The variant of MTB (meaning Mountain Biking) corresponds to the practice of cycling off-road, including on trails, hills, or any type of terrain that differs from that travelled by motor vehicles.
XC or AM? Have you heard of these types of MTB? Read on.
They are perhaps the best-selling or best-known entry-level bikes, precisely because they’re adaptable to any type of terrain.
The fact is that the MTB speciality has different sub-specialities that open up a wide range of possibilities.
What are the MTB specialities?
- XC or Cross Country: longer distance and less technical, as it runs on tracks and trails, with continuous ascents and descents.
- AM or All Mountain: more technical and shorter distance, as its routes include trials and jumps, among other difficulties. Logically, the technical characteristics of the bicycles in this speciality will be greater than the previous ones.
- FR or FreeRide: Enduro.
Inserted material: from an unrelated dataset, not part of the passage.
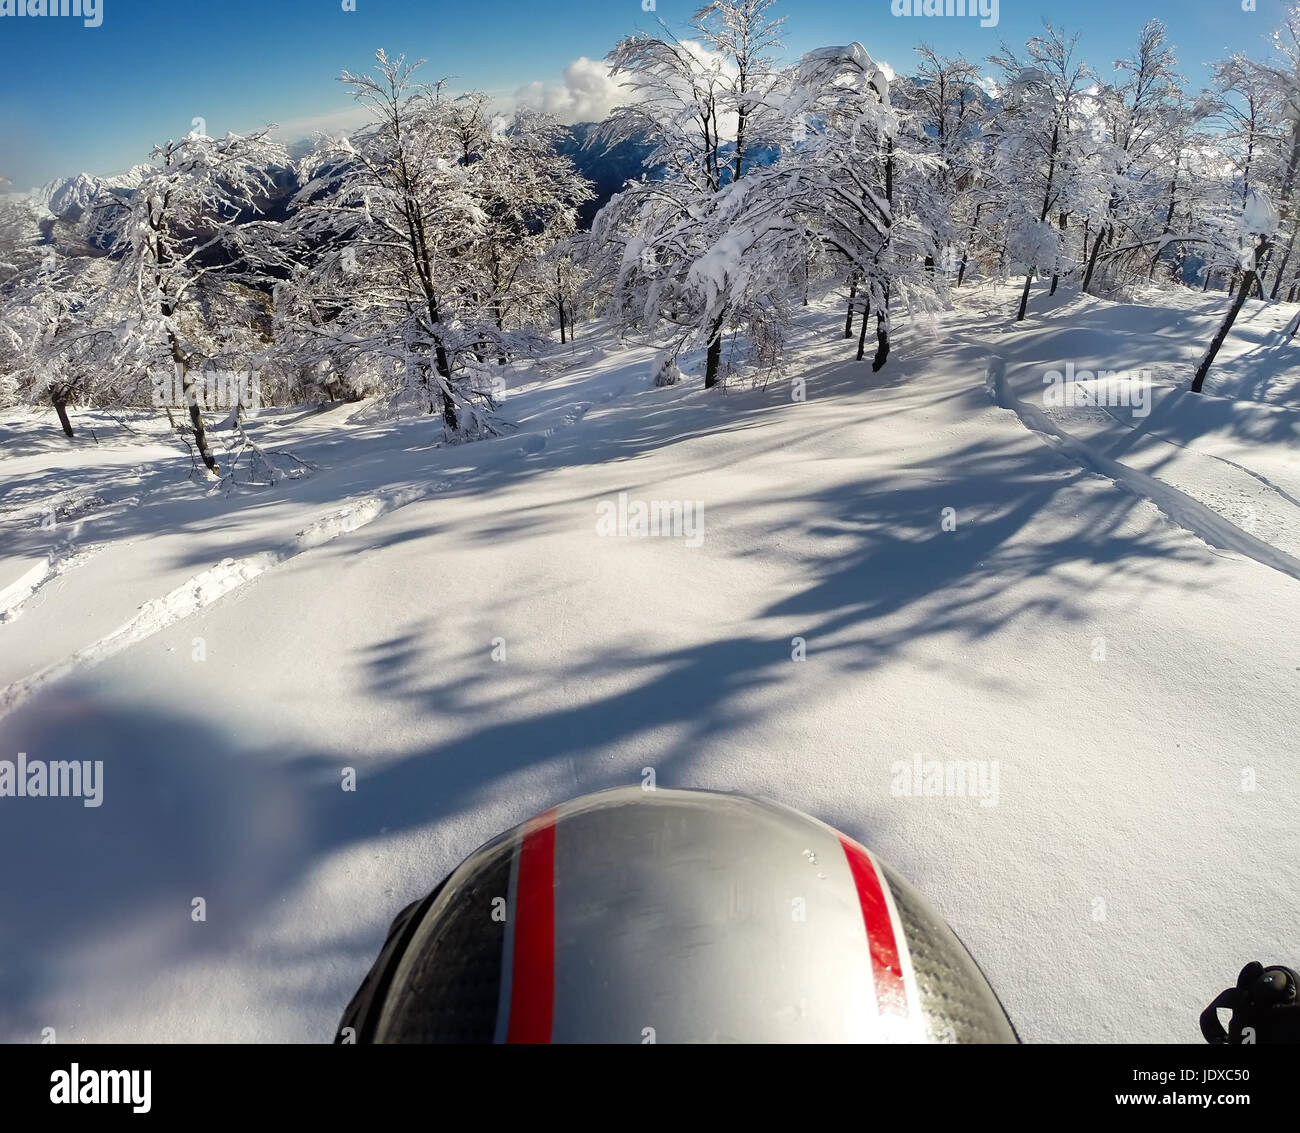 Ski dans la neige fraîche. À l'aide de POV action cam sur le casque. Bielmonte, Italie, Europe. Banque D'Images
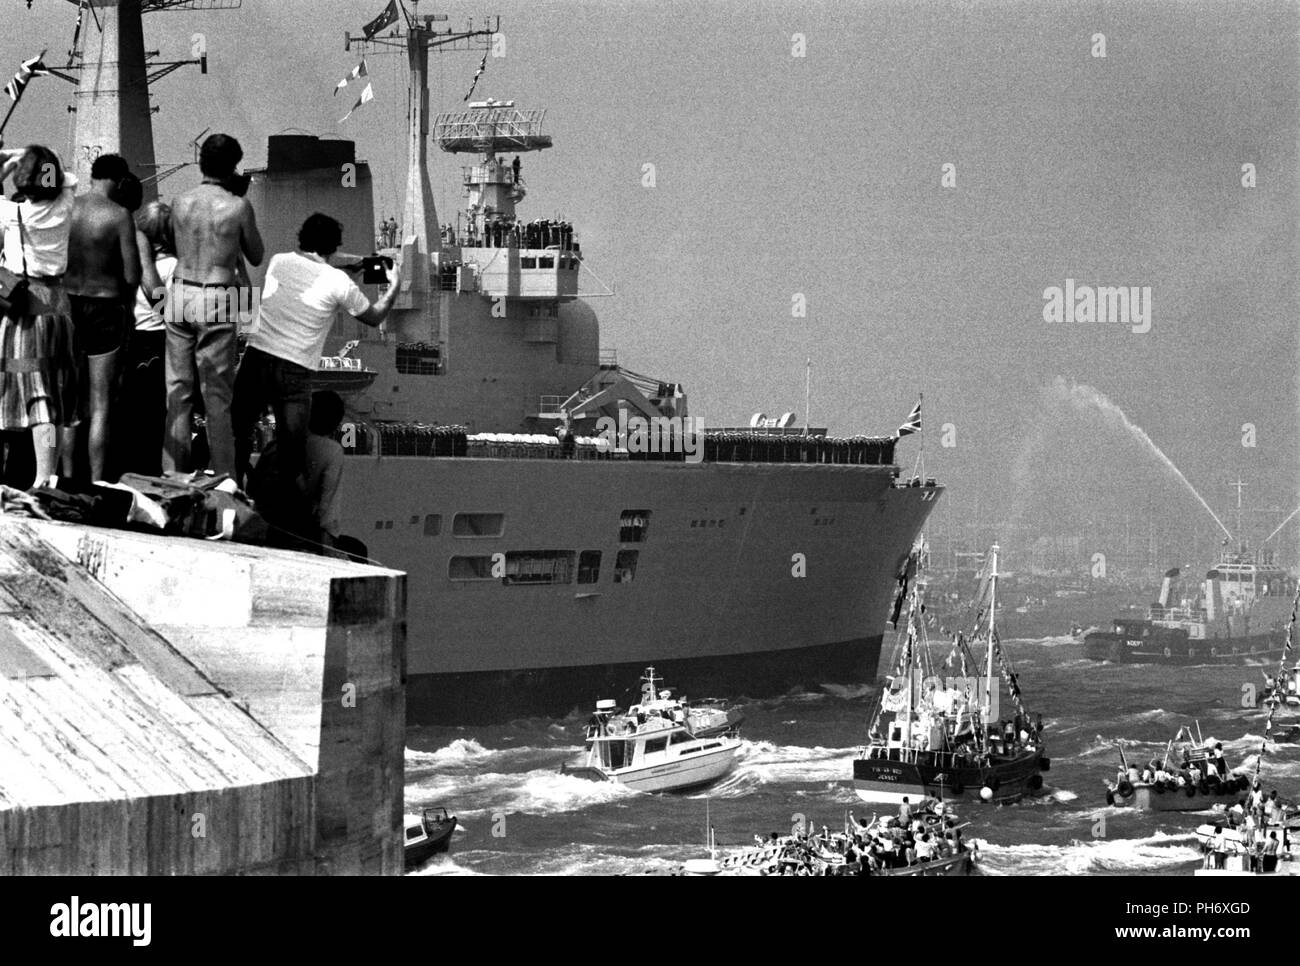 AJAXNETPHOTO. 17TH SEP, 1982. PORTSMOUTH,Inghilterra - invincibile - restituisce il vettore HMS INVINCIBLE tornando a Portsmouth accompagnato da una flottiglia di ben wishers alla fine del suo sud Atlantico dovere durante la campagna delle Falklands. Foto:JONATHAN EASTLAND/AJAX REF:820917 14 Foto Stock

By having to overcome natural or created technical terrain for its development. Very technically demanding.
- DH or Down Hill: Descent. Exclusive downhill modality, using other means than bicycles for the ascent. Demanding technique.
Which one to go for?
Road vs. Mountain
Is there really a choice to be made? You don’t have to, as even the pro cyclists themselves alternate between the two to improve their training.
However, I’m particularly partial to one over the other, although I won’t say which one until the end of the article.
And now for the most frequently asked question from beginners who don’t know much about specialisation…
Can you go road cycling on a mountain bike? Mountain biking or road cycling, which one do you choose?
Of course! The purists of the cycling world might look at you funny if they see you, but you won’t be the first person to road cyclist on a mountain bike. Fair play yo you if you can handle it 😉
Are they compatible?
I’ve warned you, so don’t complain 😉
Yes, it’s super common for road cyclists to also ride in the mountains, or vice versa.
Why? It’s simple: MTB bikers will be looking for endurance training and more hours on the ‘skinny’ bike, while road riders will try to gain technique, explosiveness and maybe a bit more fun (it’s not my opinion particularly!) on the fat bike.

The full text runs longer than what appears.